# anyone using a roland pc-60?



## upgraphics (Mar 6, 2007)

Looking for anyone who has used the pc-60. I just got one and have it running. Looking for ideas on pricing etc. 
Thanks
DJ


----------



## bspchicago (Apr 12, 2007)

Just sold one, replaced it with the SP-540V.

I used it mostly for signage. The resin ribbons are expensive (approx .12/sq in.)
The ribbon also continues to feed between blank areas of the image. Quality is great.

I would charge at least .40 per sq. in. if using resin ribbons, might seem high but if you have to print an image over you will wish you have charged more.

Very slow, especially if contour cutting so be careful not to take large printing jobs. If you are cutting only for a job, you can take larger jobs but be mineful of turnaround time, again, very slow.

*Keep your printing head clean!!!* Follow the instructions for head cleaning. The PC-60 was known for head problems, $800 +shipping to California for replacement.

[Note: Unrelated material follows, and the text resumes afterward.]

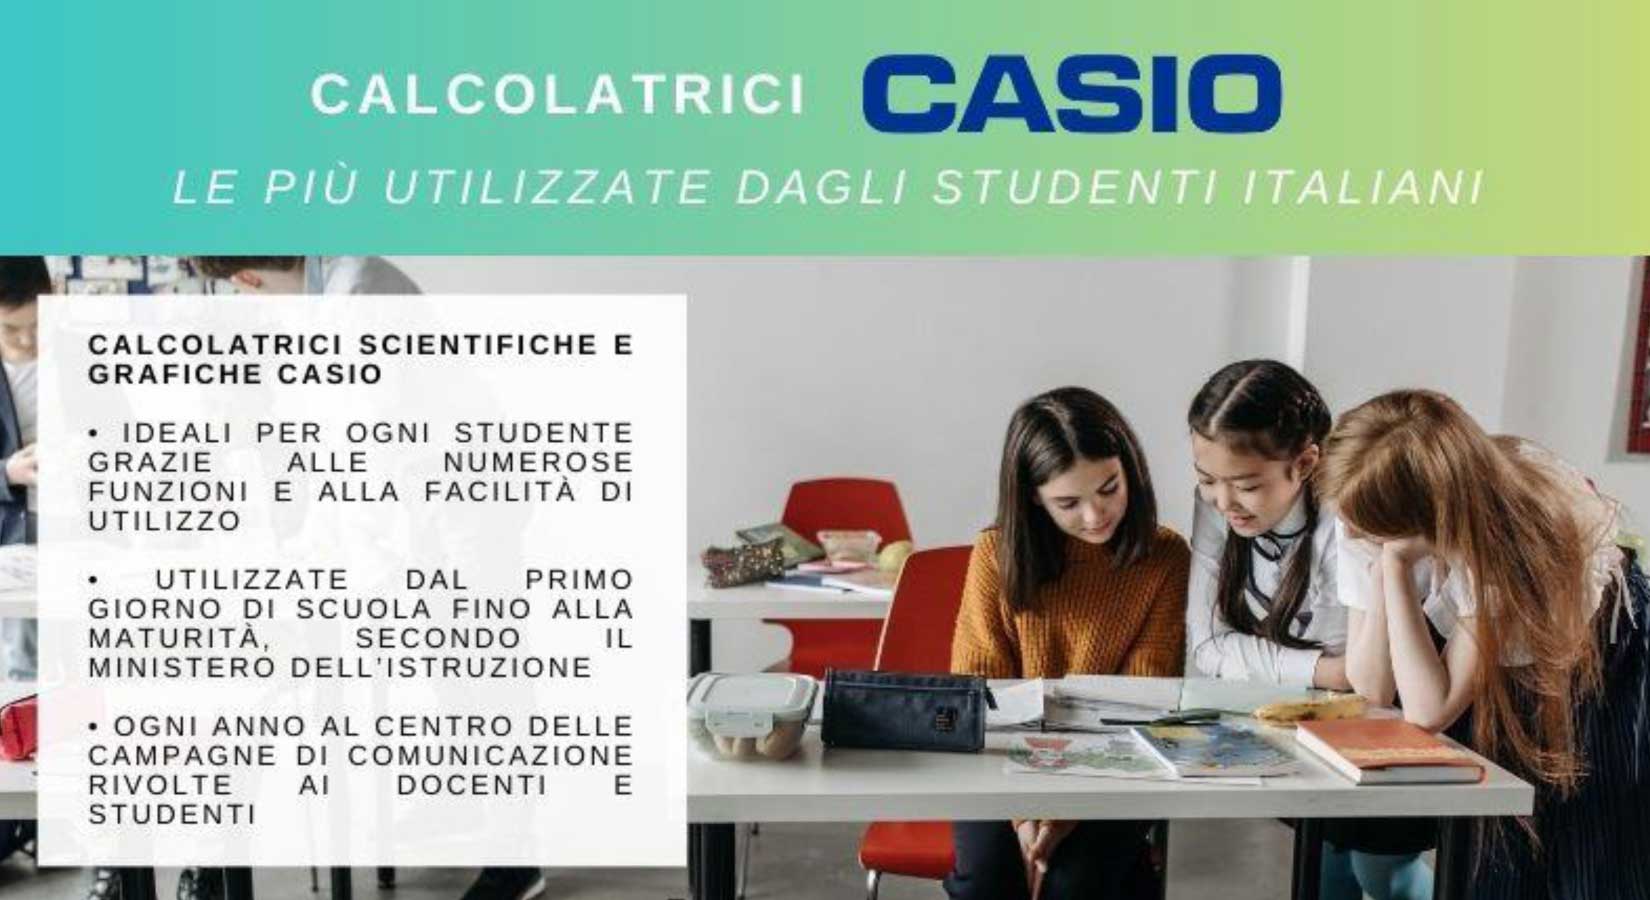 Calcolatrici Casio: le più utilizzate dagli studenti

I'm not sure how you plan on using yours so I hoped some of what I shared helped.

Ron


----------



## upgraphics (Mar 6, 2007)

Thanks alot... Not sure how long I will keep this unit. Got a great deal on it is the only reason I got it. I have a nother cutter that will still be inservice for the quick jobs. Thanks for the info. Is your new SP-540V print and cut?.


----------



## bspchicago (Apr 12, 2007)

54" Print & Cut, Eco-Solvent Max ink.


----------